About Will


Will Stratton is an American songwriter, composer, and arranger. He was born in Yolo County, California, and started making up songs on the piano when he was three years old. Will spend most of his formative years in the suburbs of northern New Jersey. On his twelfth birthday, he got his first electric guitar, and in the decade since, music has owned him unconditionally.

What The Night Said, Stratton’s first record as a solo artist, was recorded in the summer after his senior year of high school, at the invitation of the owner of a tiny but well-equipped recording studio in Astoria, Queens. It was quietly released two years later, in 2007. By the time it came out, Stratton was a student at Bennington College, studying music composition. In the time that has lapsed since What The Night Said’s release, Will wrote dozens of works for chamber ensembles and solo piano, and released three free records of outtakes, demos, and instrumental music.

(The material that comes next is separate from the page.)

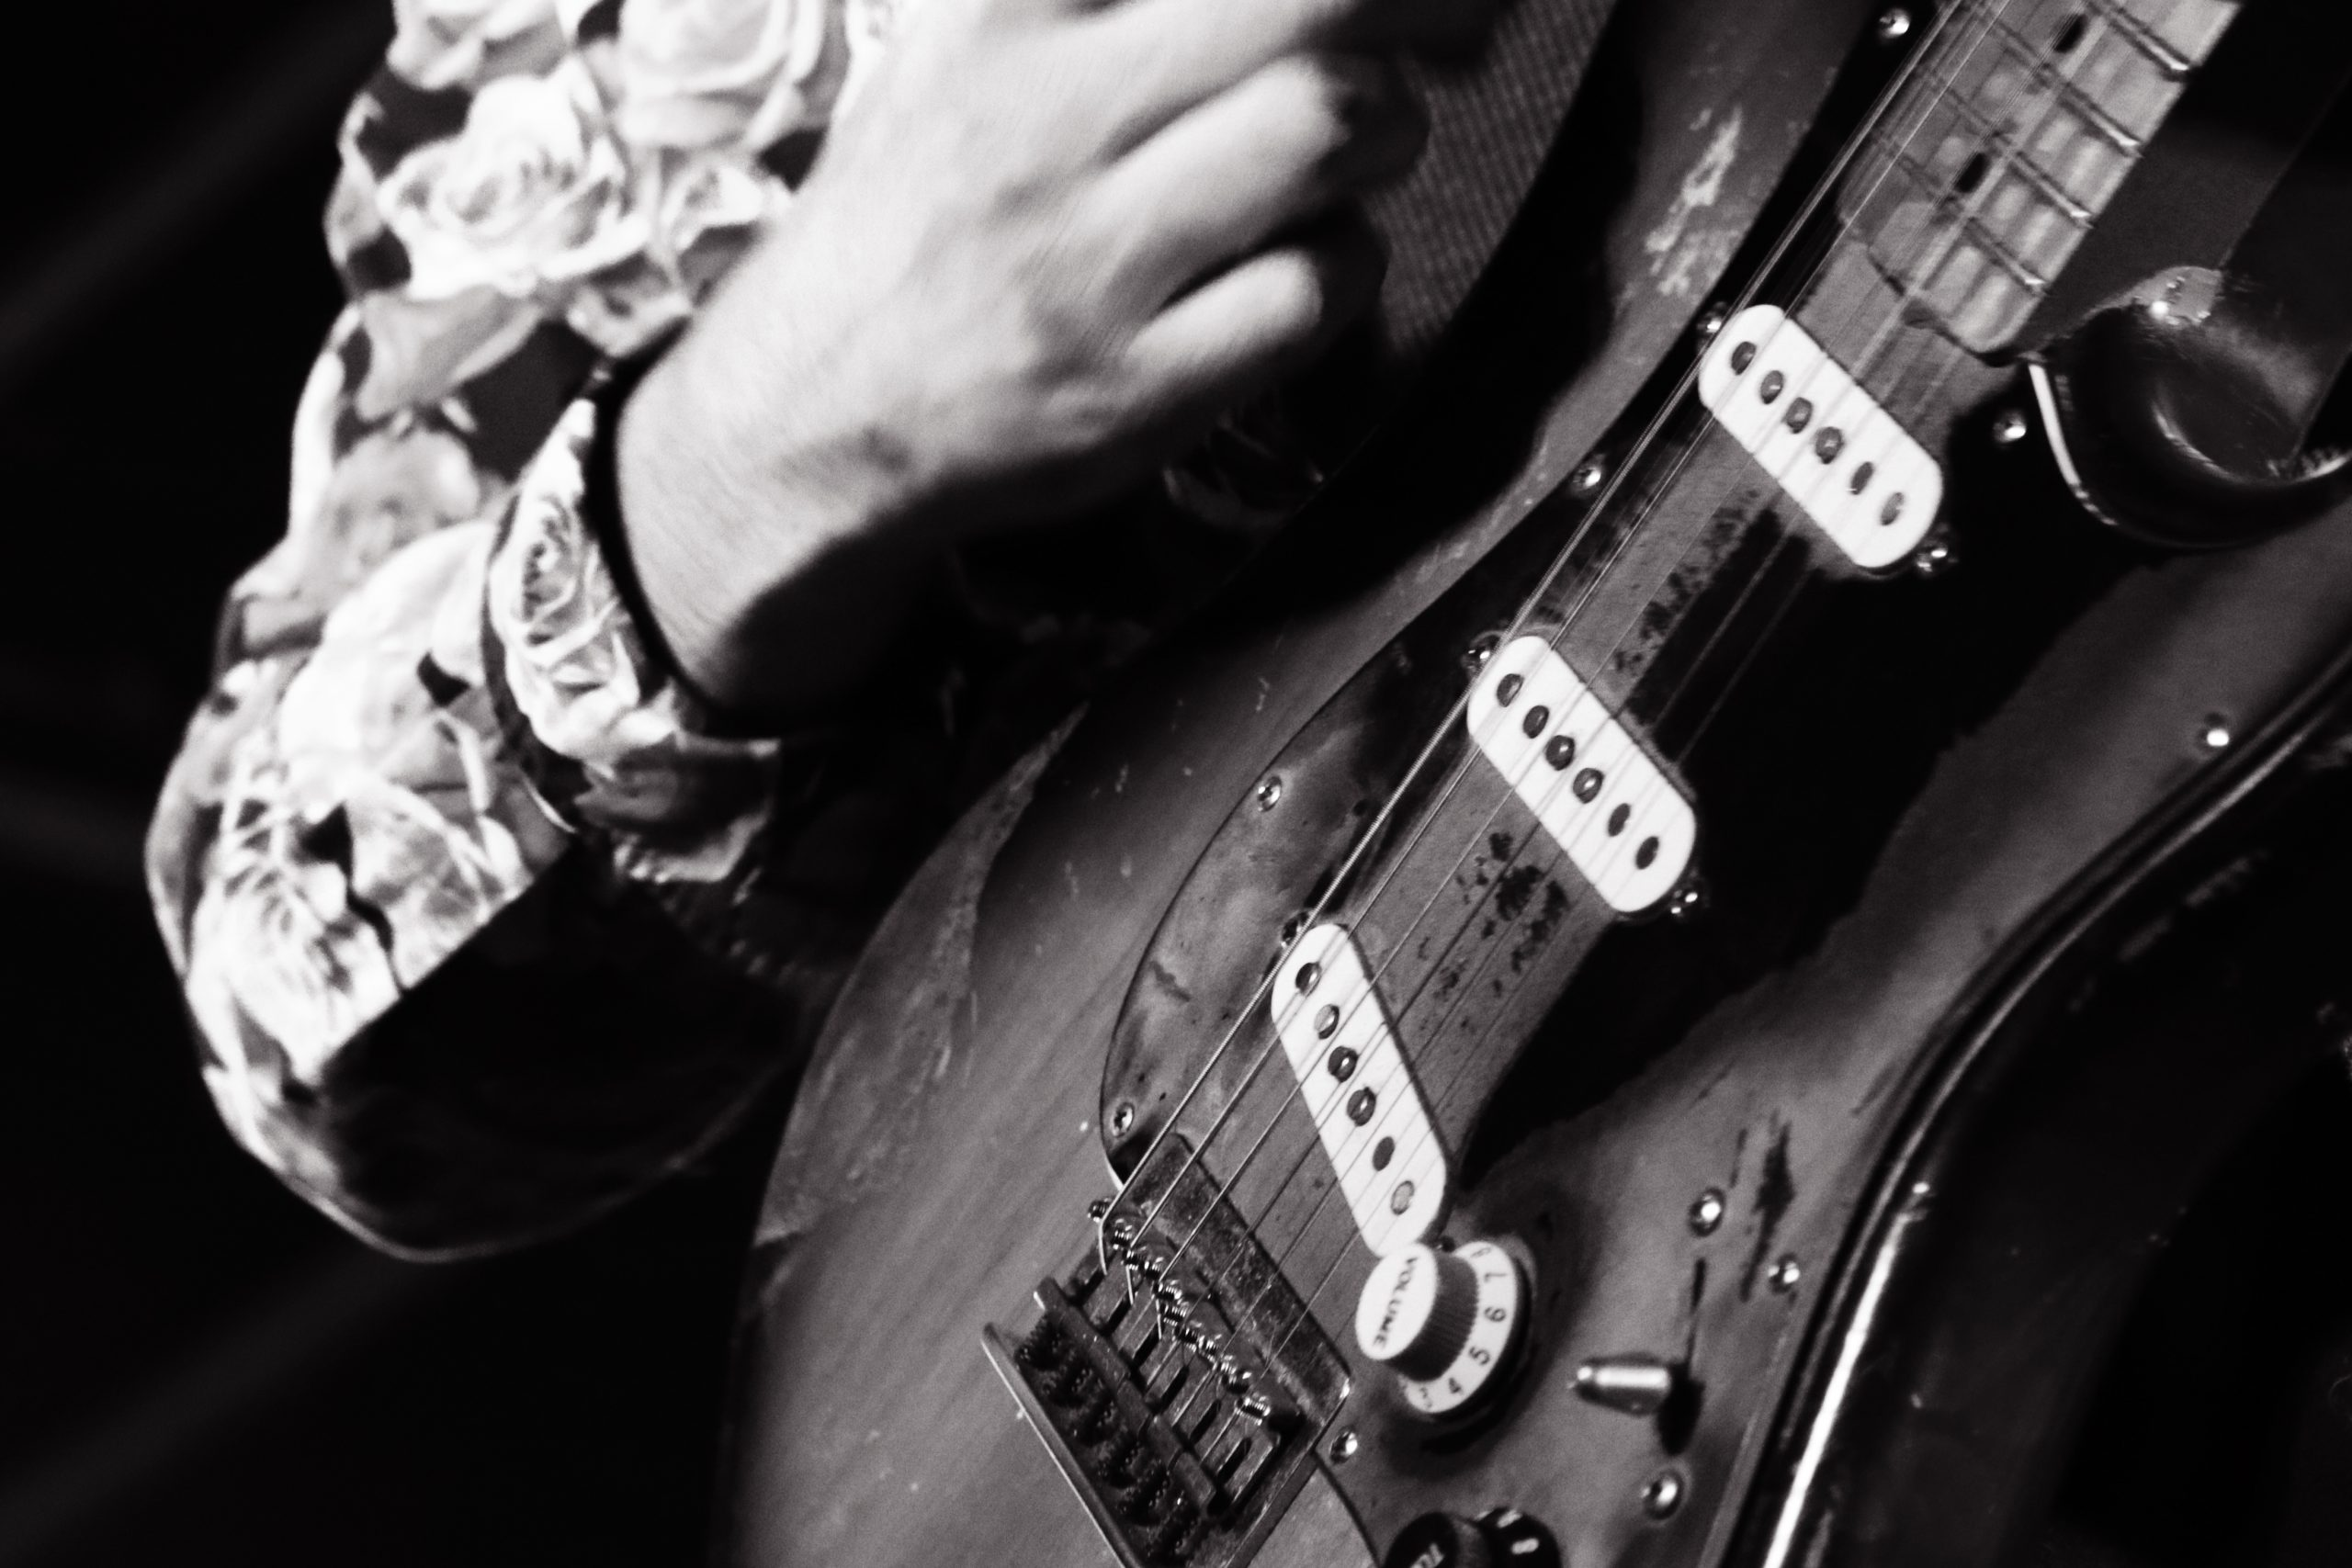 【Canon】音楽とモノクロ写真

In 2009, Will graduated from college and returned with his second album, No Wonder, a more ornate and ambitious record than its predecessor. No Wonder received little attention in the music press, but, despite its November release, its lack of distribution, and its virtually unknown creator, it appeared on some critics’ best-of-the-year lists, drew favorable comparisons to Fleetwood Mac, Nick Drake, and Loudon Wainwright, and received airplay from venerable WNYC disk jockey David Garland.

Now Will works and lives in New York, plays small shows when he gets the chance, and works on a third full-length record.